Parmi
les fiches que le Grand Dictionnaire terminologique (GDT) de l’Office québécois
de la langue française (OQLF) met en vedette ce mois-ci, il y a « bailleur
de fonds ». On y lit cette note :
Même si les ouvrages de
référence relèvent bailleresse comme
étant la forme féminine de bailleur,
le féminin bailleuse de fonds est
privilégié. D'une part, il est nettement plus courant, etc.
Me méfiant comme toujours des affirmations sur l’usage que fait le
GDT, j’ai voulu vérifier sur Internet quel est l’usage réel de ces deux formes
de féminin. Résultats :
Bailleuse : 8 680 pages où cette forme est présente
Bailleresse : 68 000 pages
Comme quoi il ne faut jamais croire le GDT sur parole.
* * *
Le
dictionnaire de l’Académie française, édition de 1694, écrit à propos du
féminin bailleresse : « Ce
mot n'est bon qu'en stile de Notaire». Dans l’édition de 1835, l’Académie
affirme que le mot est « maintenant presque inusité » et pour
le Larousse du xixe siècle
il est usité seulement au sens de « celle qui consent une location ».

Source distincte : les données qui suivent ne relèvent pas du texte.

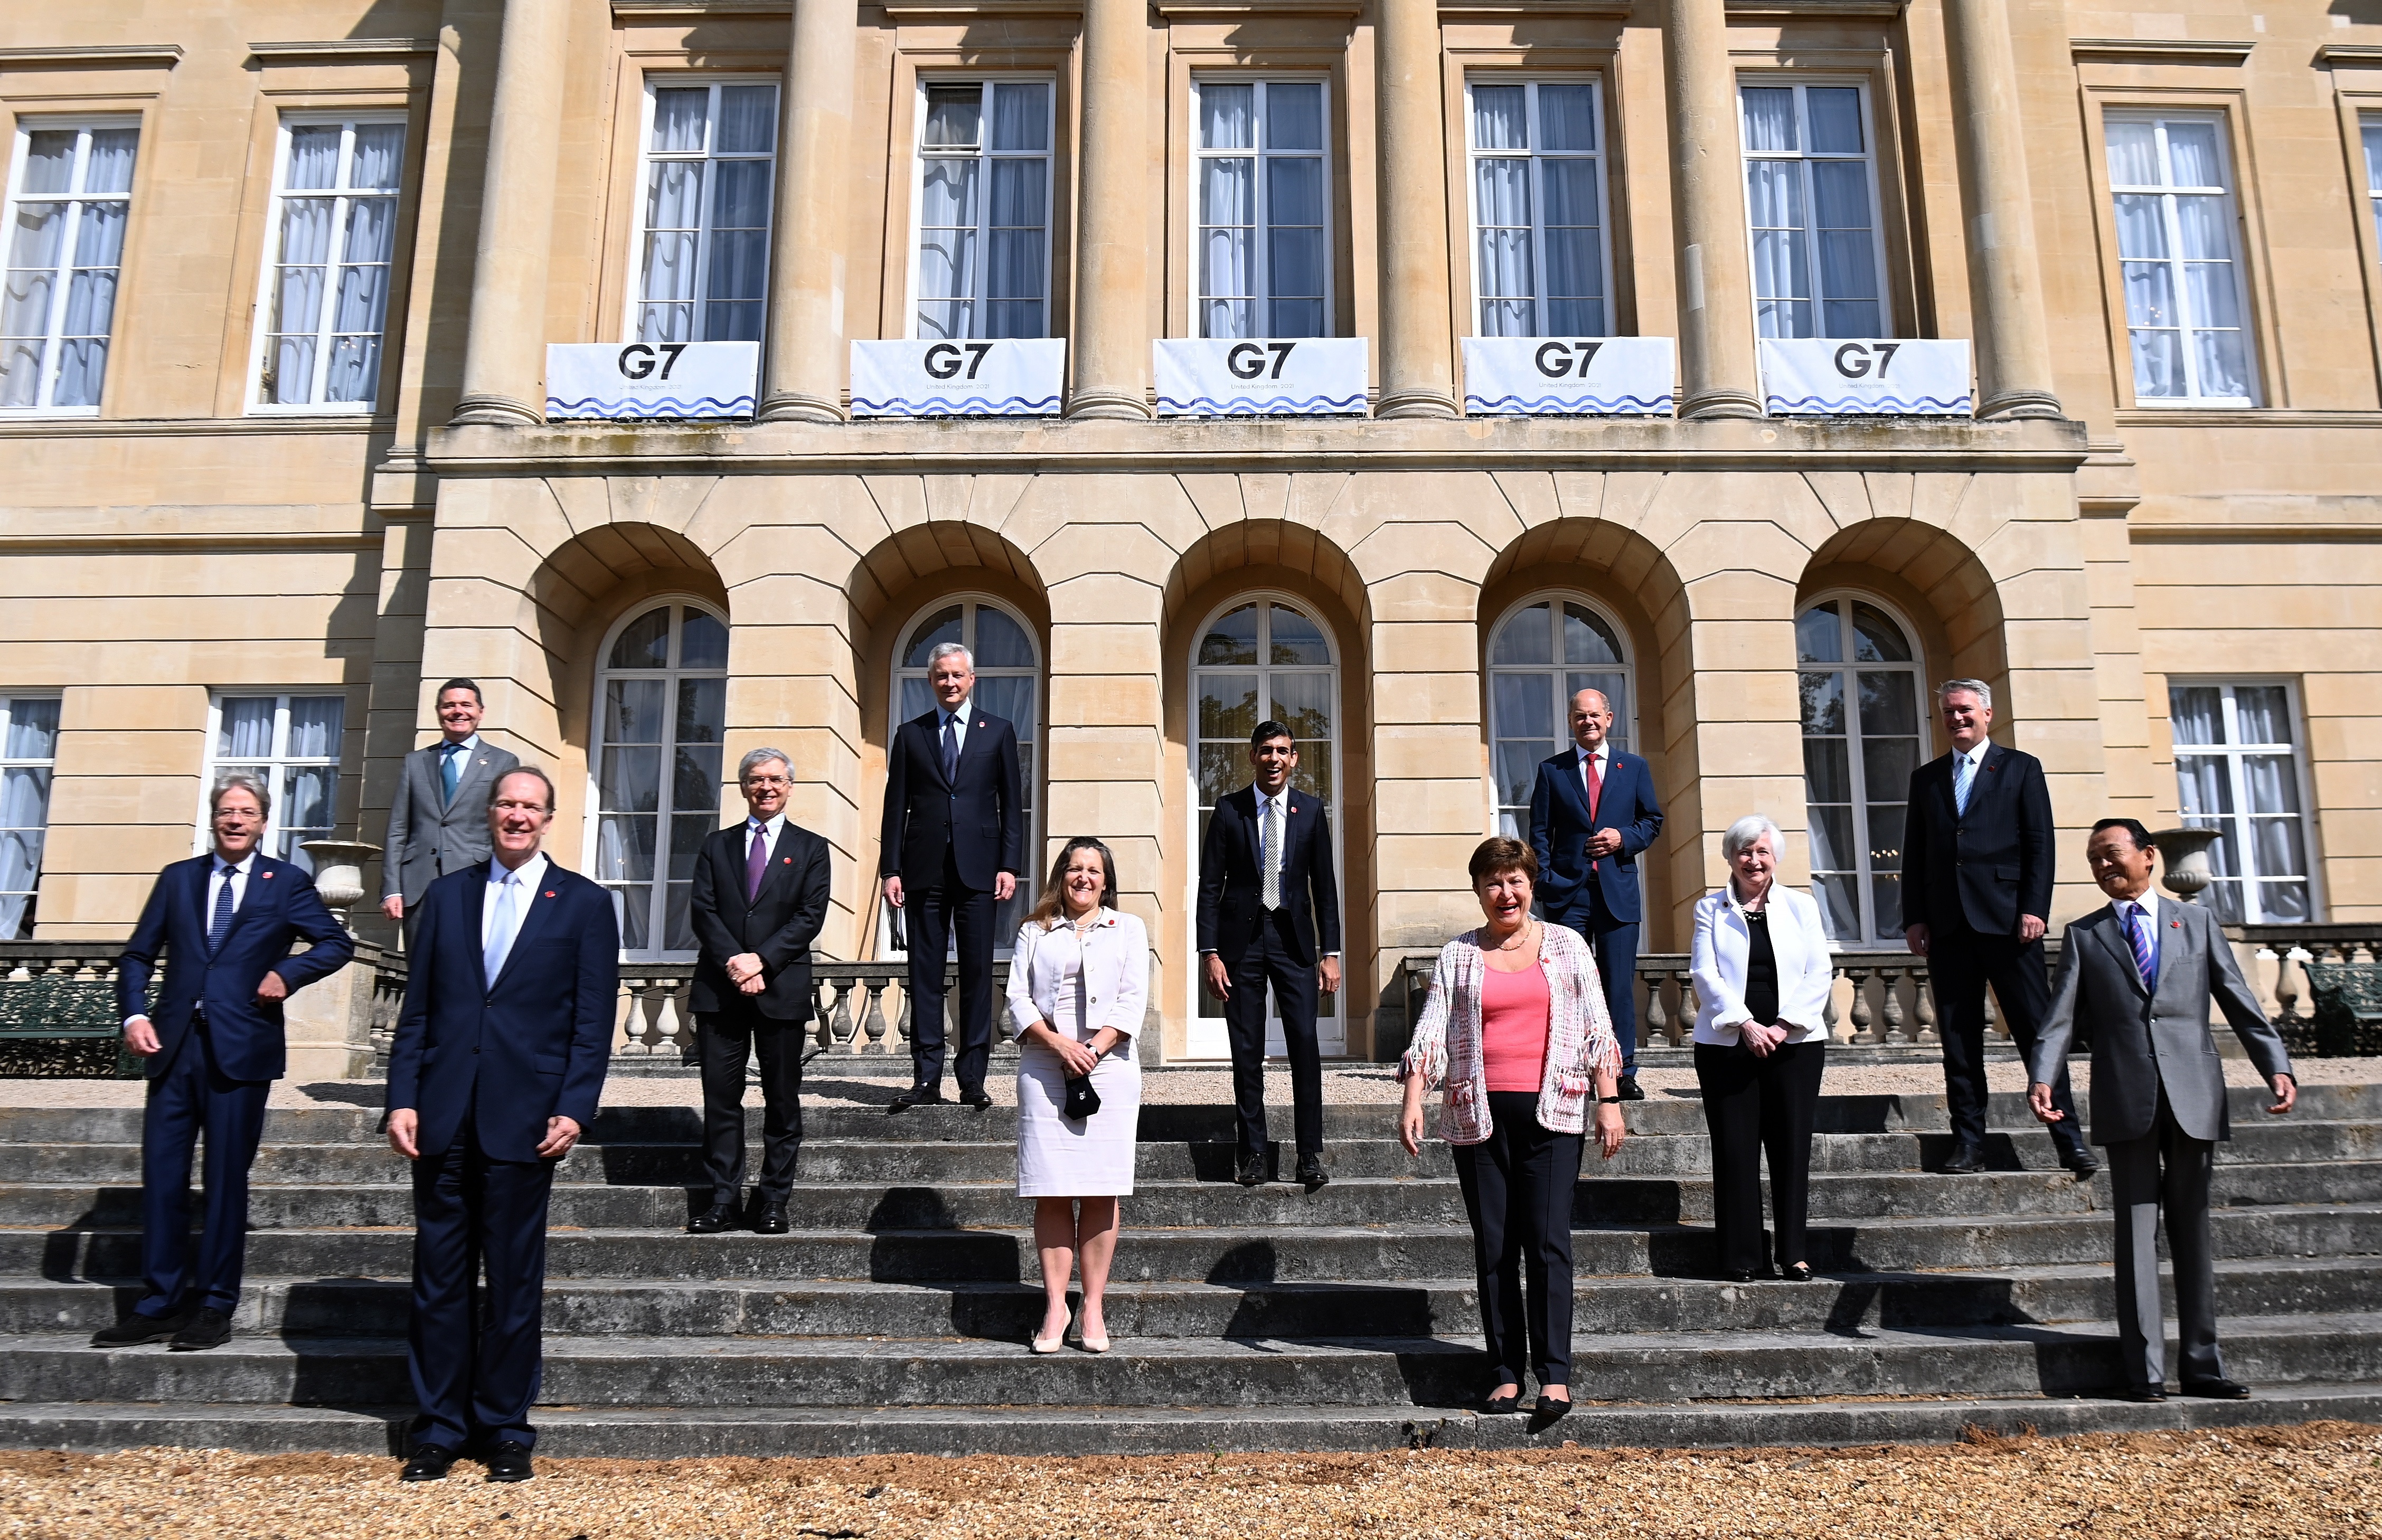 El G7 alcanza un "histórico" acuerdo para reformar el sistema fiscal global

Pourtant, en 2019, le nombre d’attestations du féminin bailleresse est nettement supérieur à celui de bailleuse. Tout cela aurait dû faire faire comprendre au rédacteur
de la fiche du GDT que le féminin bailleresse
est un terme technique peu attesté dans des textes ne relevant pas du droit
mais encore courant « en style de notaire ». Le GDT est tellement
préoccupé de la « langue courante » qu’il en oublie que son mandat
est d’abord de rendre compte des usages techniques.
* * *
Dans
mon billet du 15 mars 2012, j’ai traité d’une autre affirmation douteuse
du GDT sur l’usage d’un mot. Extrait :
« Le québécisme vanité […] est un emprunt à l'anglais tombé
en désuétude ». Comme le montre le graphique suivant, le nombre
d’attestations du mot vanité (pour désigner un meuble) a augmenté de
9 000 de juin 2011 à mars 2012. « Tombé en désuétude ? »
Il ne tombe pas, il monte.
Les termes comptoir de salle de bain et vanité
dans les pages Web canadiennes en juin 2011 et mars 2012 |
« Le québécisme vanité […] est à éviter au profit de termes
bien implantés dans l'usage comme comptoir de salle de bain et comptoir. »
Comptoir de salle de bain est moins implanté dans l’usage que vanité.
« Le québécisme vanité, qui est un emprunt à l'anglais tombé
en désuétude, est à éviter au profit de termes bien implantés dans l'usage
comme comptoir de salle de bain et comptoir » : deux
affirmations fausses dans la même phrase.